I’m sure that in the midst of a design debate, this is a great way to make one’s points understood.
When reading one of these games almost 20 years after its initial publication, this method of making arguments is more opaque. Reading Paladin, it feels like it’s making a point of some sort, but because I wasn’t there for the conversations that formed its original design context, it’s hard for me to parse what the core design argument the game is trying to make.
In the interests of design history and future readers, I implore people who want to make design arguments to write them down clearly, perhaps as articles or books. This way, they’re easier to decipher by someone who doesn’t share the original social context of the writer.
It is clear that Paladin is a designer’s game, meant for other designers. It’s a booklet of less than thirty pages and clearly benefits from GMs and players who know how to elaborate minimalistically expressed ideas into game experiences. It uses words like color in the technical meaning they have in roleplaying game theory discussions and not in their everyday meaning.
The game is about playing heroic warriors who stand for their values against the forces of evil.
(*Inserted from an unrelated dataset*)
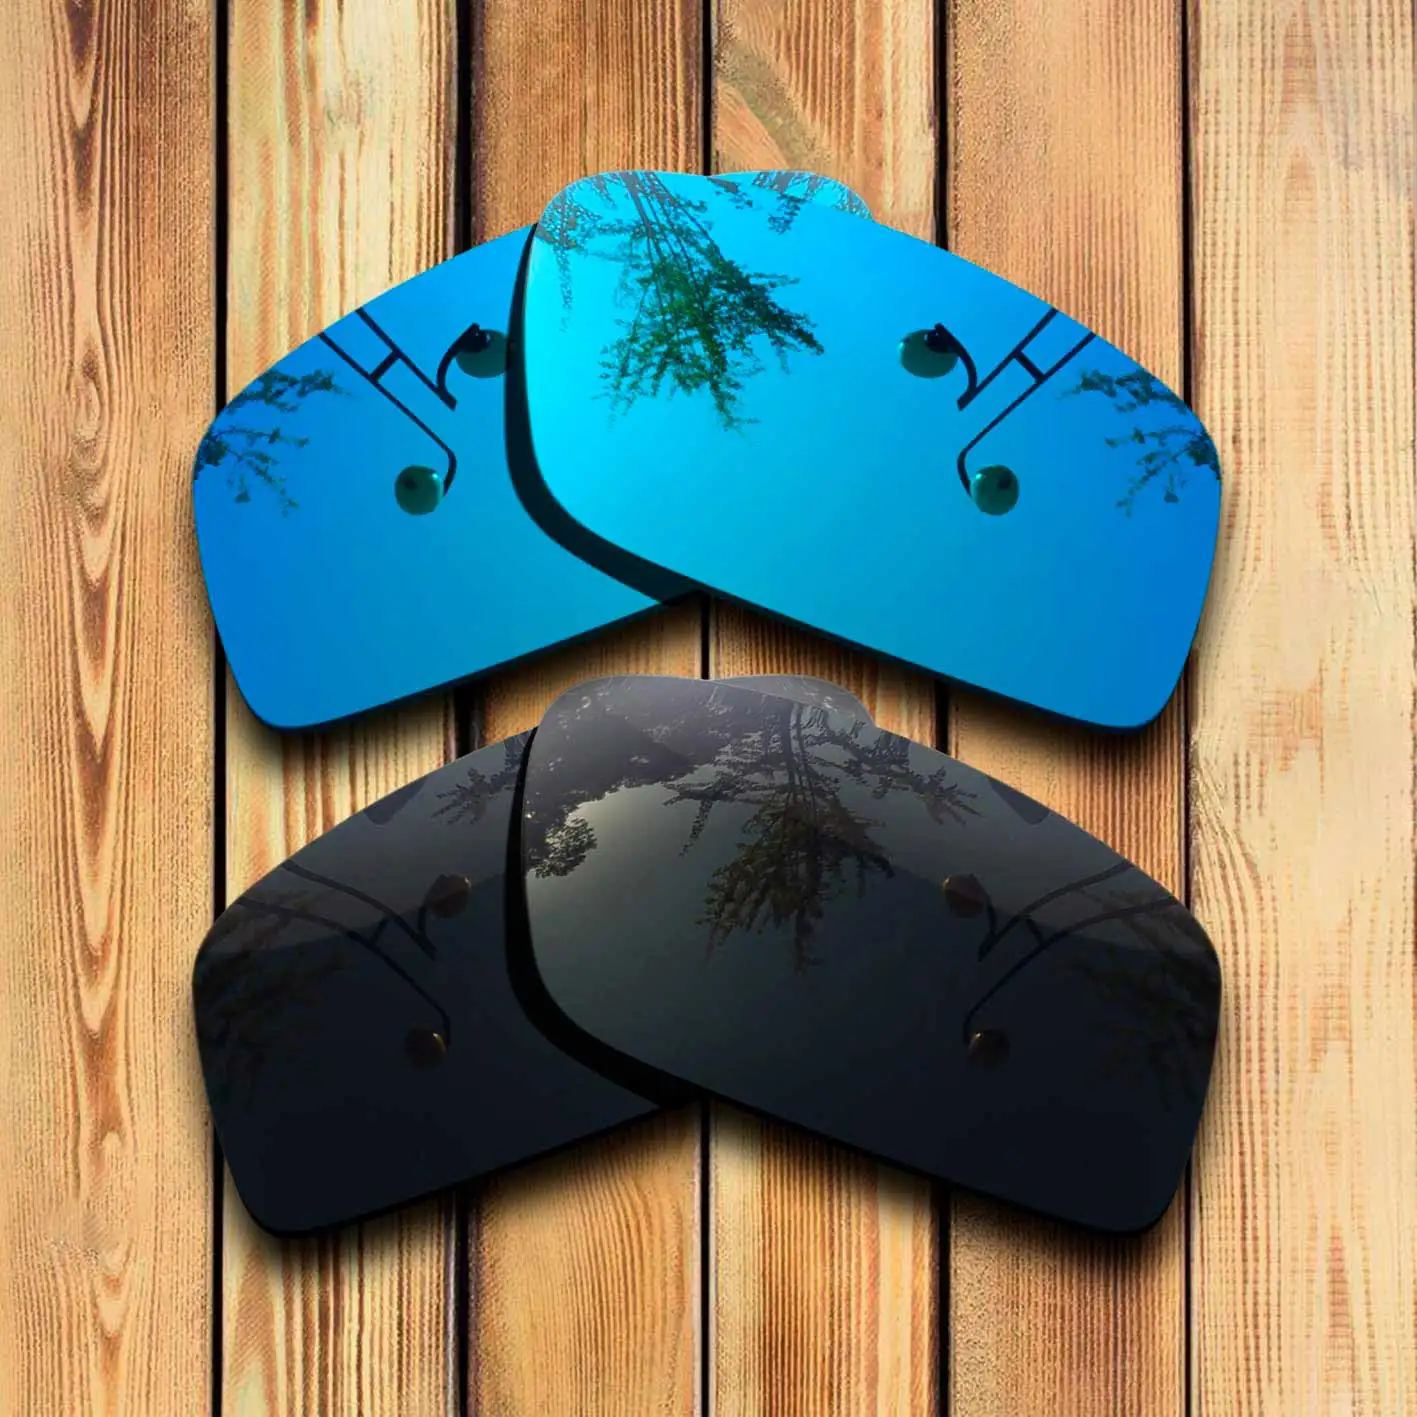 100% Precisely Cut Polarized Replacement Lenses for Twitch Sunglasses  Blue& Solid Black Combine Options

Although the title of the game suggests paladins familiar from fantasy games, the clearest inspiration is obviously the Jedi of Star Wars. This is clear in design concepts such as the Animus, essentially the Force, which comes in Light and Dark varieties and gives the paladins their powers.
The book has a cursorily sketched setting but in essence it’s setting agnostic, most concerned with sketching out a specific type of play rather than anchoring it to any specific milieu.
One interesting design idea is splitting attribute scores into Flesh, Light and Dark categories. This means that some scores, the Dark category of Cunning, Rage and Seduction, come already morally judged!